# Fram CH9911 (Made in China) anybody using it?



## Jay-Bee (Sep 22, 2007)

Had to do an oil change, was at the point of being overdue and forgot to get my OEM filter off ebay, went down to NAPA, they had a Wix for 32$!!! Jesus, skip that.

I remember hearing about the Fram being a reboxed made in Germany filter, likely from Mann/Mahle/other OE. So I stopped by walmart and picked it up for 9$.

I then I realized they switched to a made in china filter. I've heard the quality isn't as good, but should I really be worried? I went back to see if there were any others on the shelf that were different. 

The OEM filter looked a bit different, the FRAM has plastic caps on each end, and i've searched and found pics of the old CH9911 and it looked identical to the OEM type.

I've got fresh Rotella T6 in there, should I do a filter change halfway through my OCI for peace of mind?

I'm pretty picky about "quality" stuff being used on my car...


----------



## BTLew81 (May 17, 2005)

I've used it. Not sure I would go 10k on it, but for 5k or something, I am sure it would be fine.


----------



## Apexxx (Nov 10, 2011)

Likely you're no accruing much junk in the filter media, and replacement at reduced interval is not necessary. You can remove and drain the old one, and put it right back on. I do it all the time. 

As far as the Chinese Fram, I wouldn't worry since they make whole cars there now, Audis too.


----------



## jmj (Feb 6, 2001)

I use Rotella T6 and Fram 9911s and haven't had any issues. I'm at about 148K miles, changing at 5K-7500K intervals. The 9911s used to be German made, but now, as you point out, they are made in China.


----------



## vwjettatdi123 (May 5, 2012)

*vw oil and filter*

Rotella T6 is great oil,i am useing on my tdi with 300000k miles,is great oil,with fram filters you should be fine even they are made in chine those days 93% of goods are make od china,
Also for oil changes you may like this tool ,oil funnel you can find on ebay,or amazon under Pk710 funnel ,i got one of this is great eazy and faster to fill oil http://youtu.be/j0dK697diHo


----------



## Jay-Bee (Sep 22, 2007)

I'll skip the funnel, already bought a filter housing drain tool, that's the only messy part, I can pour oil just fine 

:thumbup:


----------



## BsickPassat (May 10, 2010)

only used the Chinese version once. It's also the first time I noticed the filter element actually being slightly crushed compared to the old German-made (mann/mahle looking ones).


----------



## camjr (Nov 20, 2005)

I've used it. Works fine. I've since switched to either the Mobil 1 product or a Mann from the dealer.


----------



## Anony00GT (Mar 6, 2002)

If it fit, you're probably fine.

I've come across some made-in-China filters for those 2.0T cartridges that literally don't fit in the housing properly, they're a tad too short.
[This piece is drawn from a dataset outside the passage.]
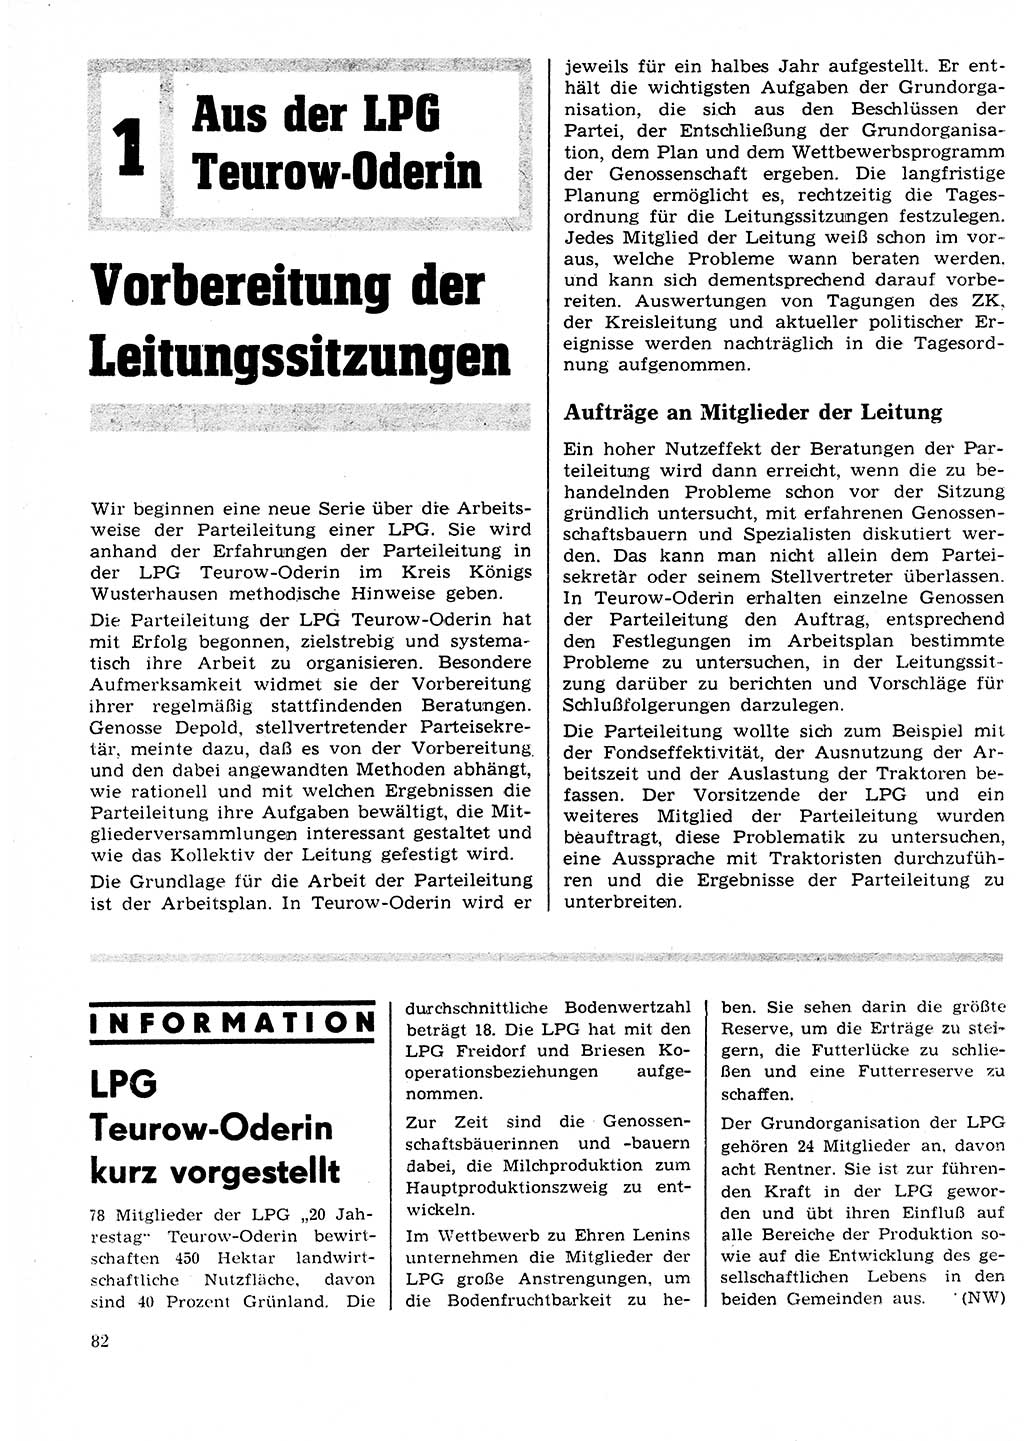 Neuer Weg (NW), Organ des Zentralkomitees (ZK) der SED (Sozialistische Einheitspartei Deutschlands) für Fragen des Parteilebens, 25. Jahrgang [Deutsche Demokratische Republik (DDR)] 1970, Seite 82 (NW ZK SED DDR 1970, S. 82)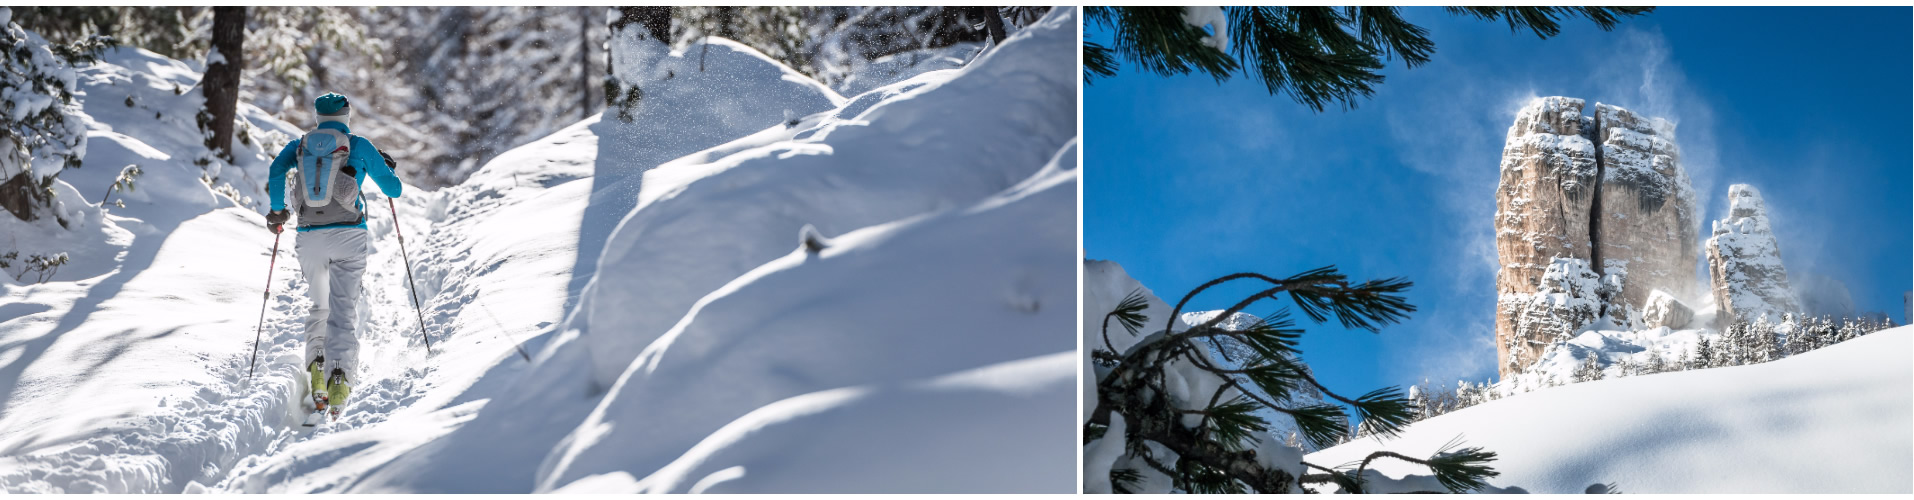 Vento, neve e cielo azzurro in Cinque Torri. Nel bosco salendo in Cinque Torri. (ph. Giuseppe Ghedina)

If it fit properly, just change it out next time you change your oil.


----------



## Jay-Bee (Sep 22, 2007)

BsickPassat said:


> only used the Chinese version once. It's also the first time I noticed the filter element actually being slightly crushed compared to the old German-made (mann/mahle looking ones).


My VAG OEM filter was all kinds squished and crushed up when i pulled it @ 10k kms, not too worried about that. It's the nature of a paper filter with out much support, I think the plastic capped china Fram might hold up better, but who knows.

I'll be ordering a 6 pack of OEM or Mann for my stock though! Damn cheap on eBay.


----------